| Exercise data |
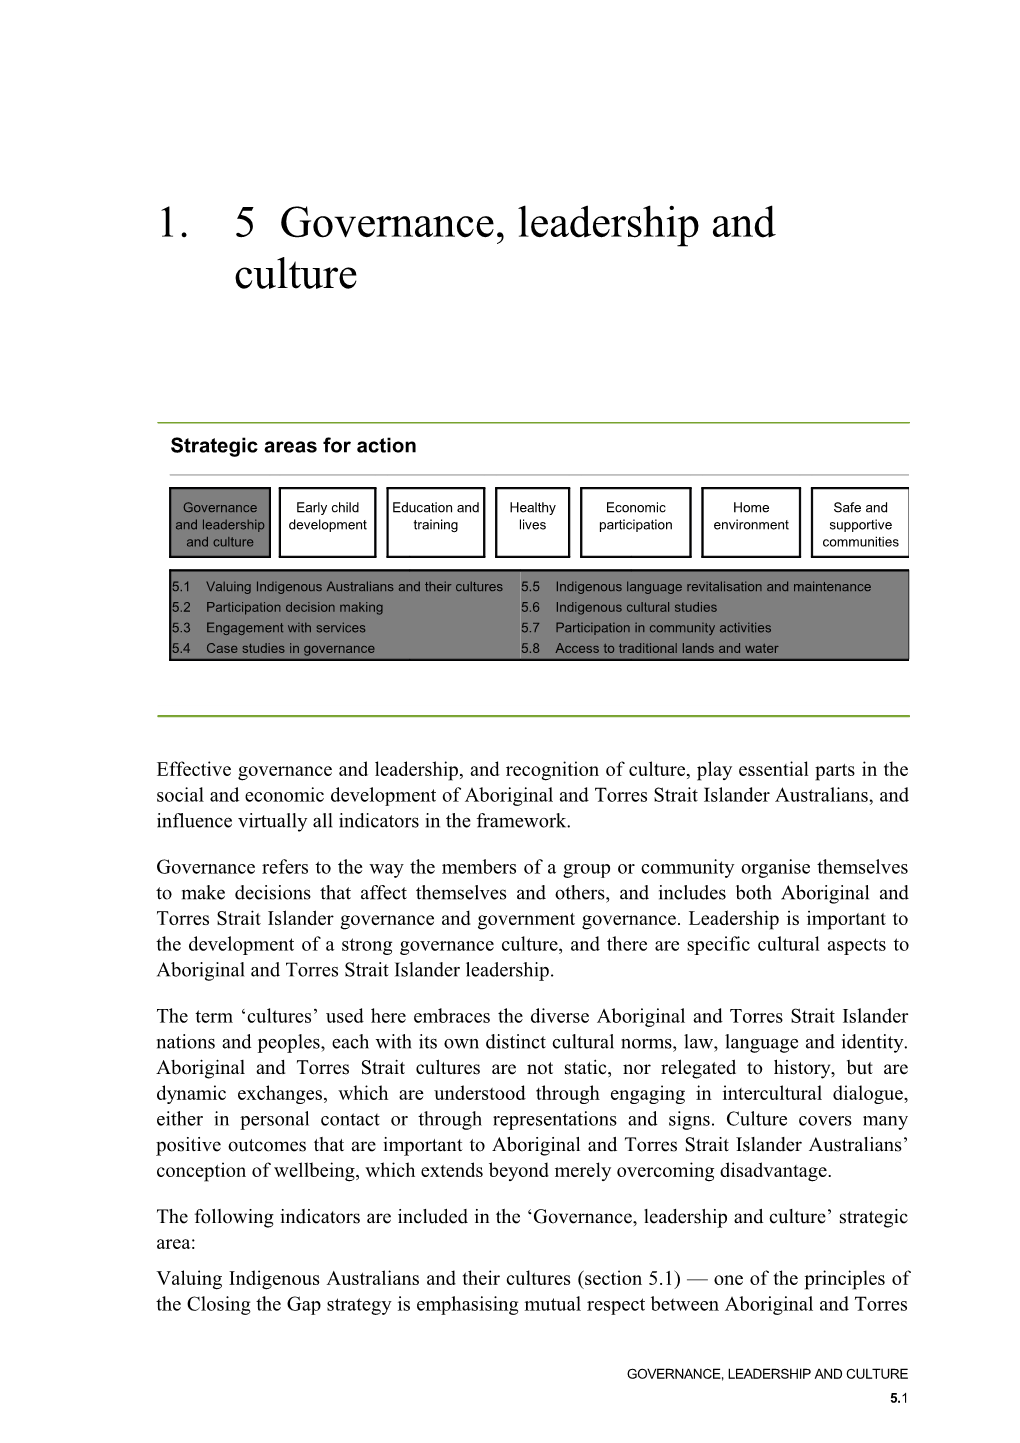 Chapter 5 Governance, Leadership and Culture - Overcoming Indigenous Disadvantage - Key
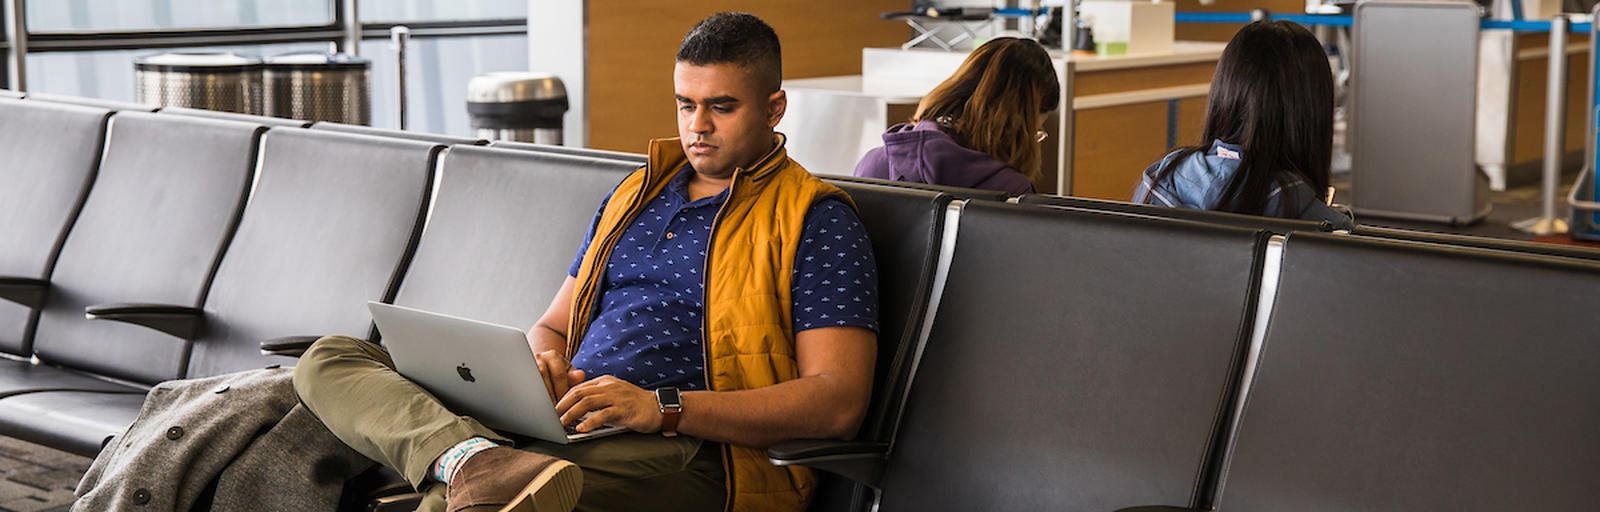 Man on computer in airport
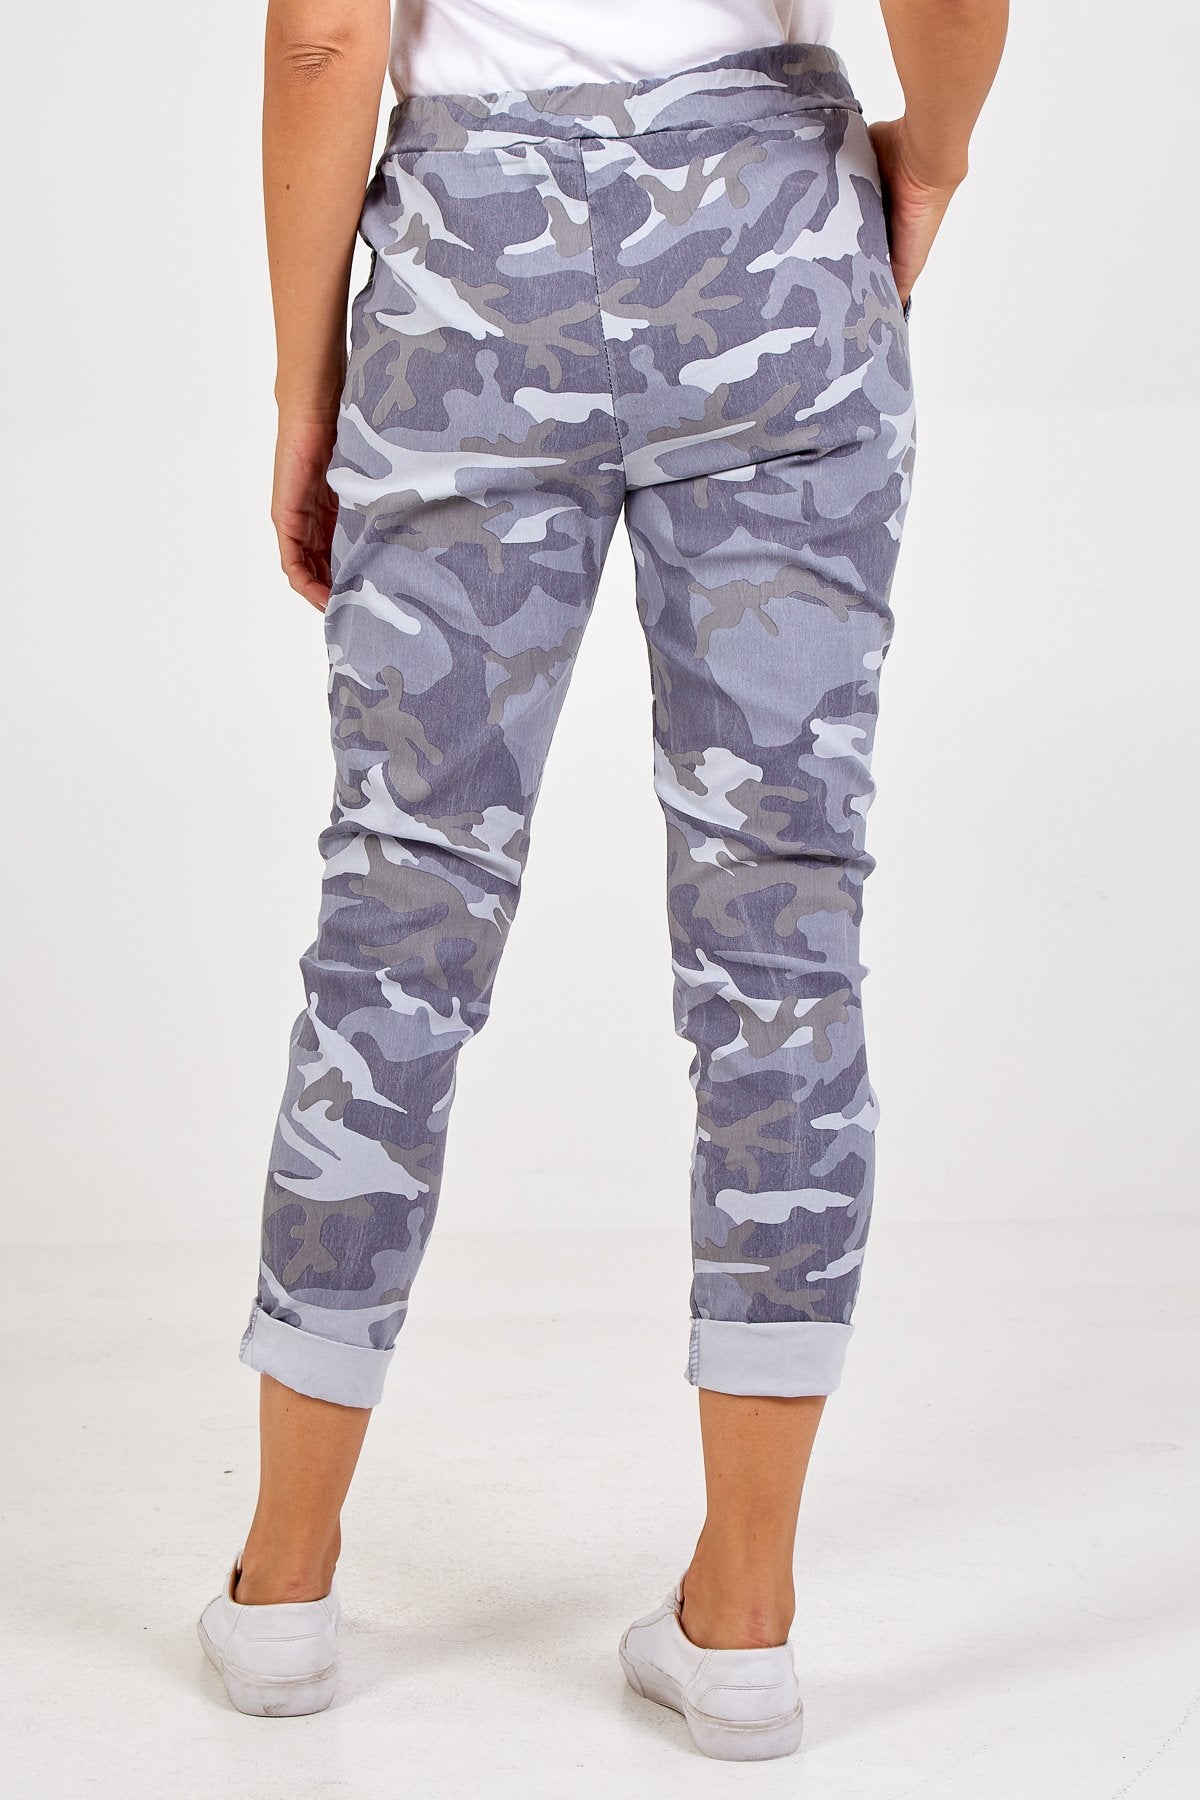 Gill Plus Sized Magic Camouflage Trousers - Grey - Liven Boutique

| Exercise brief |
Pictures do not belong in the copy. Reproduce the rest of the data exactly.

| Task answer |
 Chapter 5 Governance, Leadership and Culture - Overcoming Indigenous Disadvantage - Key
 Man on computer in airport
 Gill Plus Sized Magic Camouflage Trousers - Grey - Liven Boutique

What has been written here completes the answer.